**Your assignment**
Images excepted, the data below must be repeated exactly.

**Record extracts**
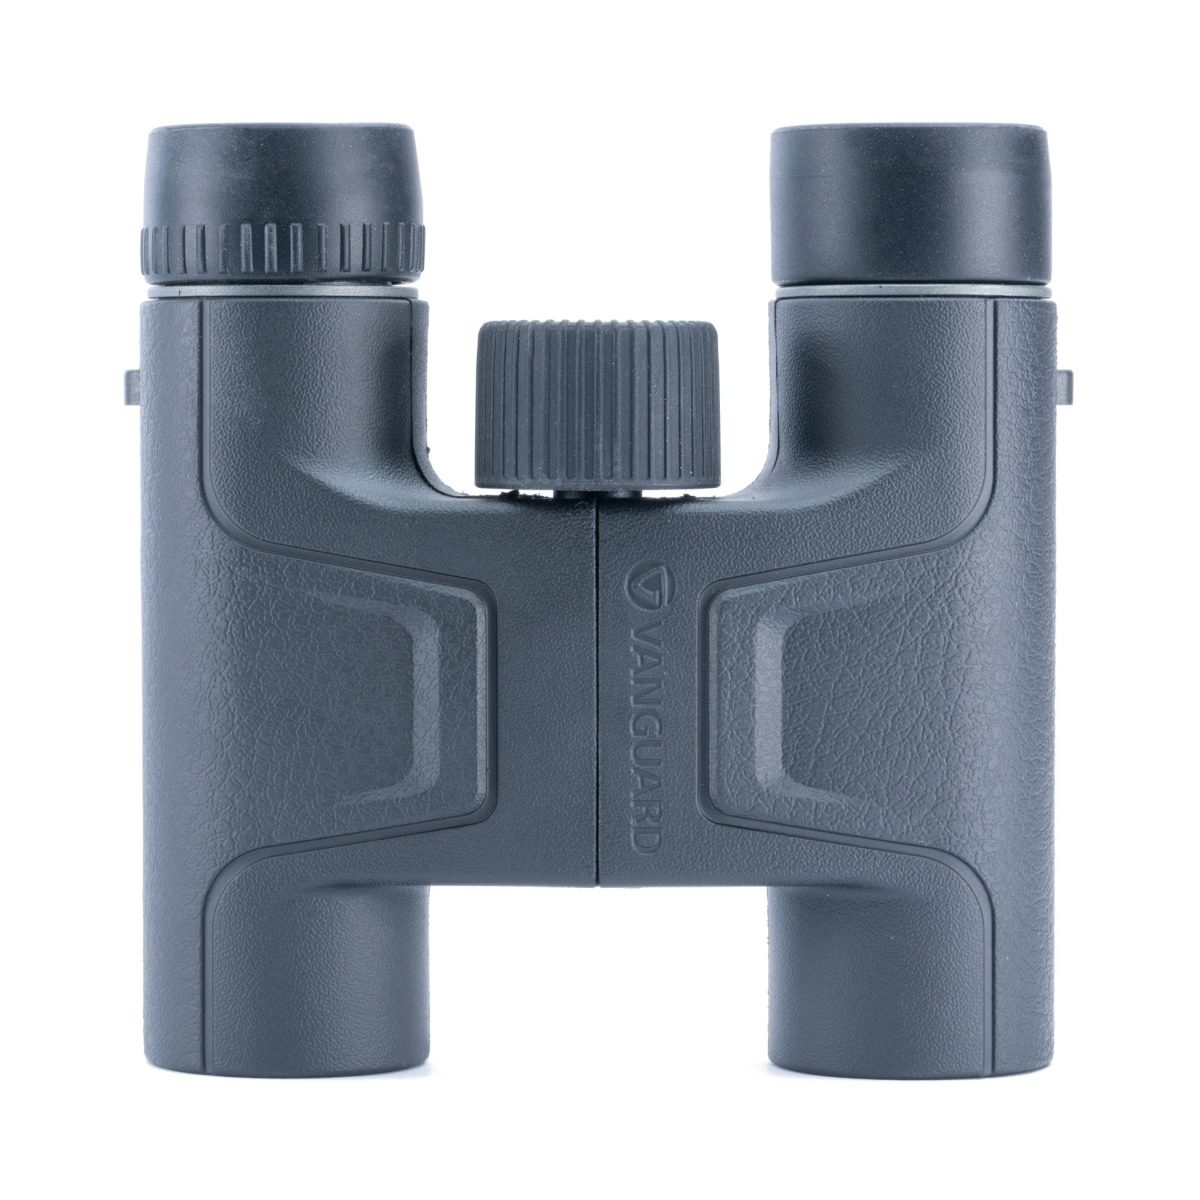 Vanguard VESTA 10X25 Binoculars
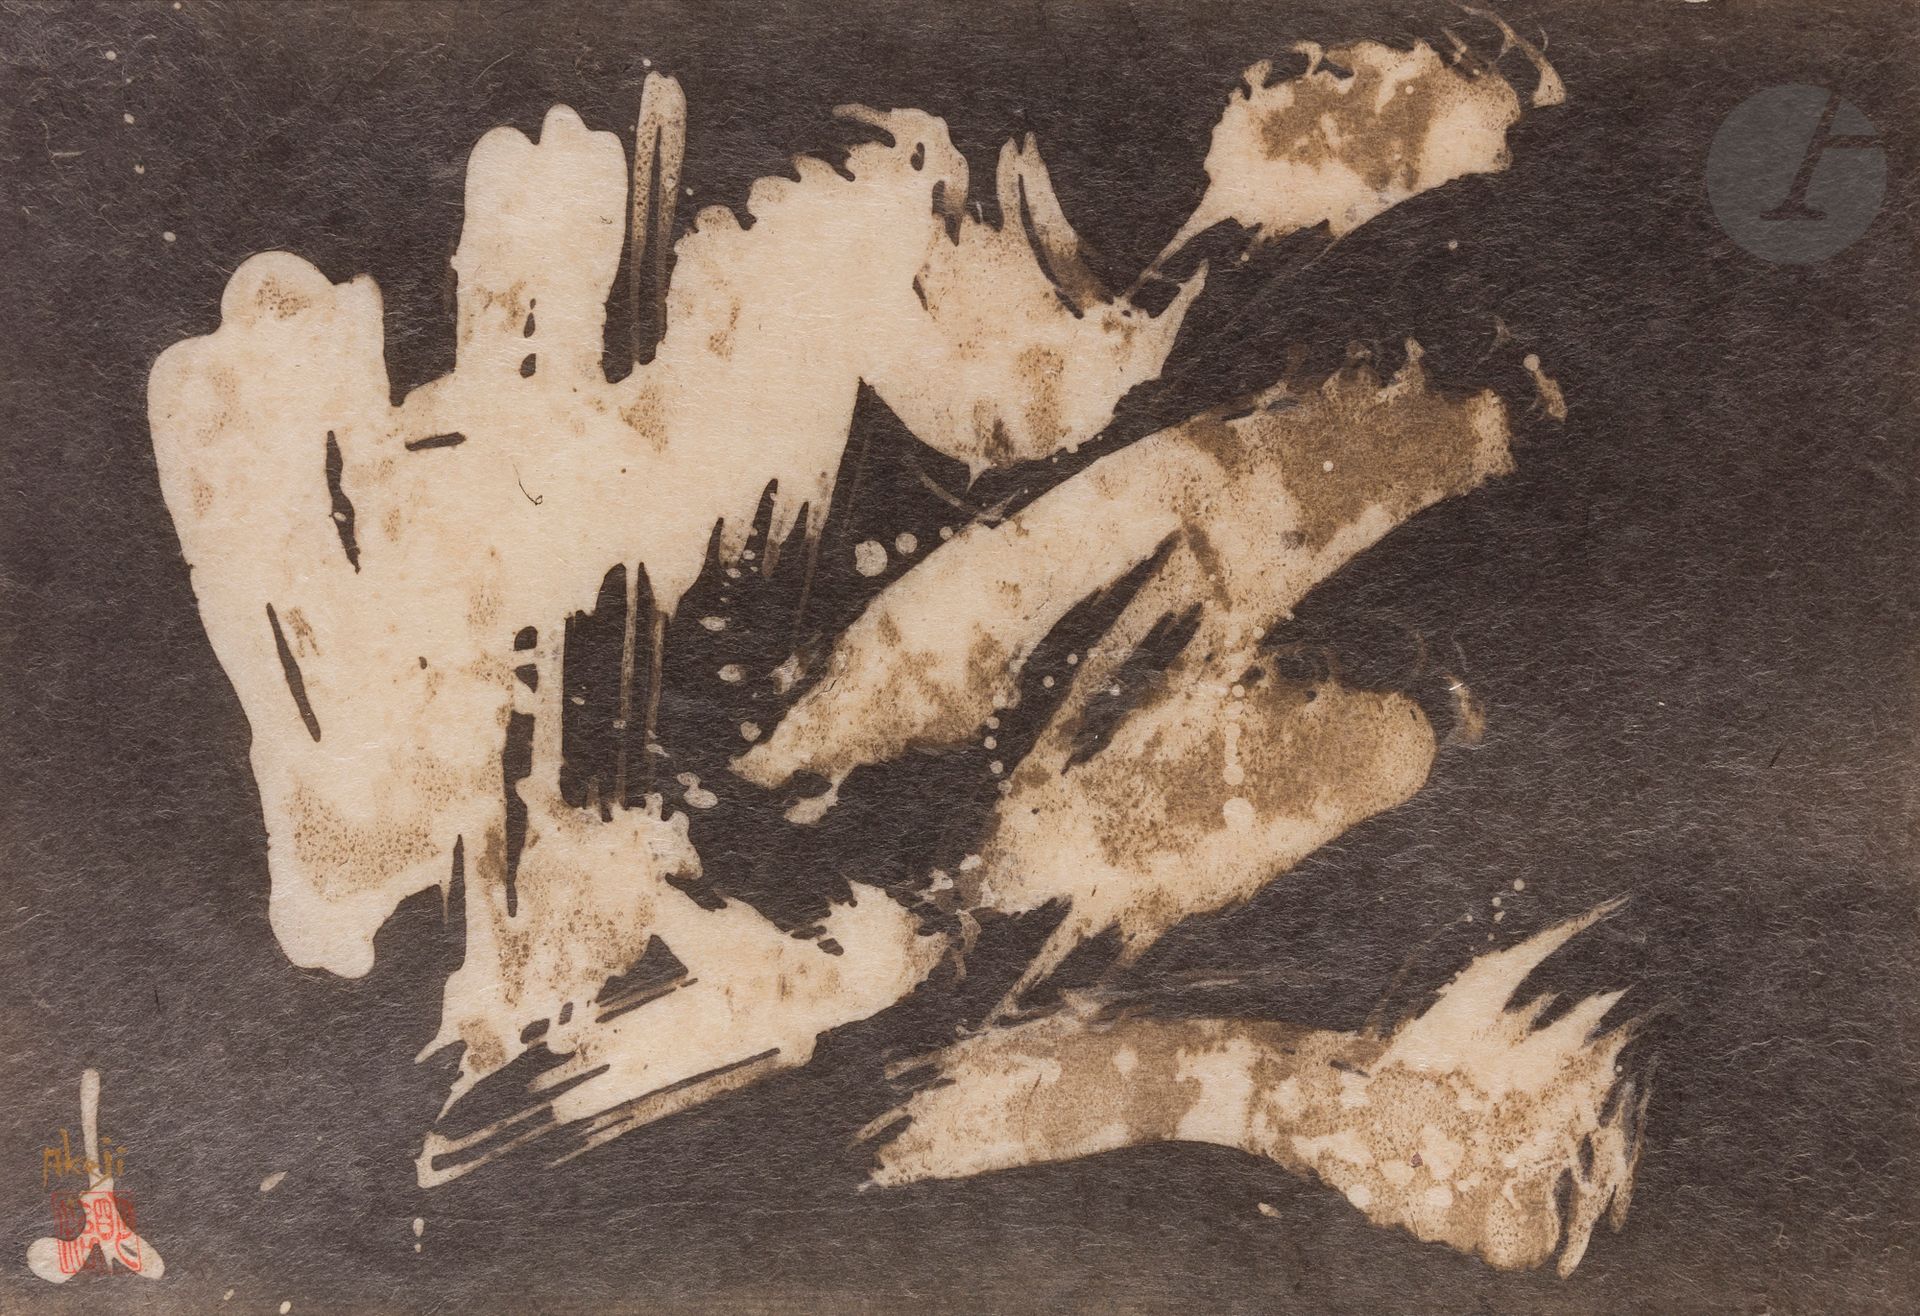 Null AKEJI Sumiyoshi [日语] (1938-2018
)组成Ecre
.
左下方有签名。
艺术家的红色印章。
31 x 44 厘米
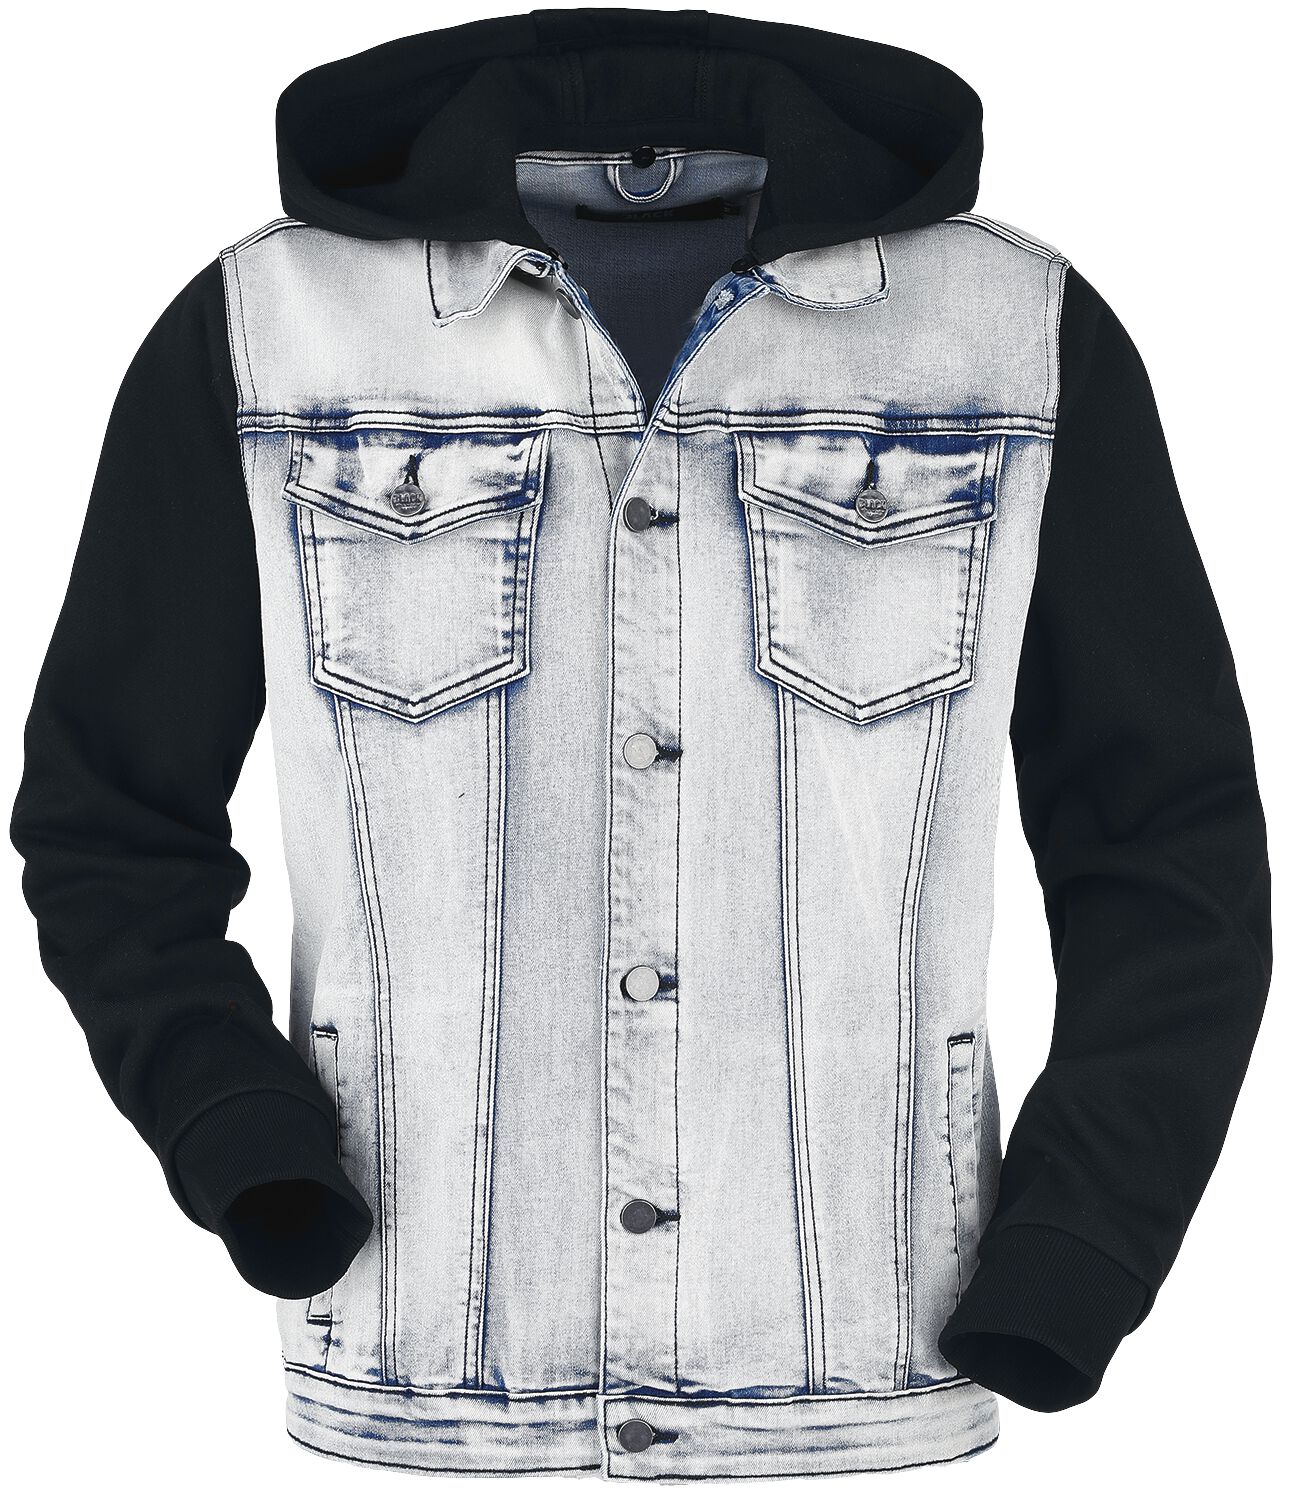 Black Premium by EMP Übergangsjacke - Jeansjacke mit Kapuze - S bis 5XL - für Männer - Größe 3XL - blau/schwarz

**Exercise response**
 Vanguard VESTA 10X25 Binoculars
 Null AKEJI Sumiyoshi [日语] (1938-2018
)组成Ecre
.
左下方有签名。
艺术家的红色印章。
31 x 44 厘米
 Black Premium by EMP Übergangsjacke - Jeansjacke mit Kapuze - S bis 5XL - für Männer - Größe 3XL - blau/schwarz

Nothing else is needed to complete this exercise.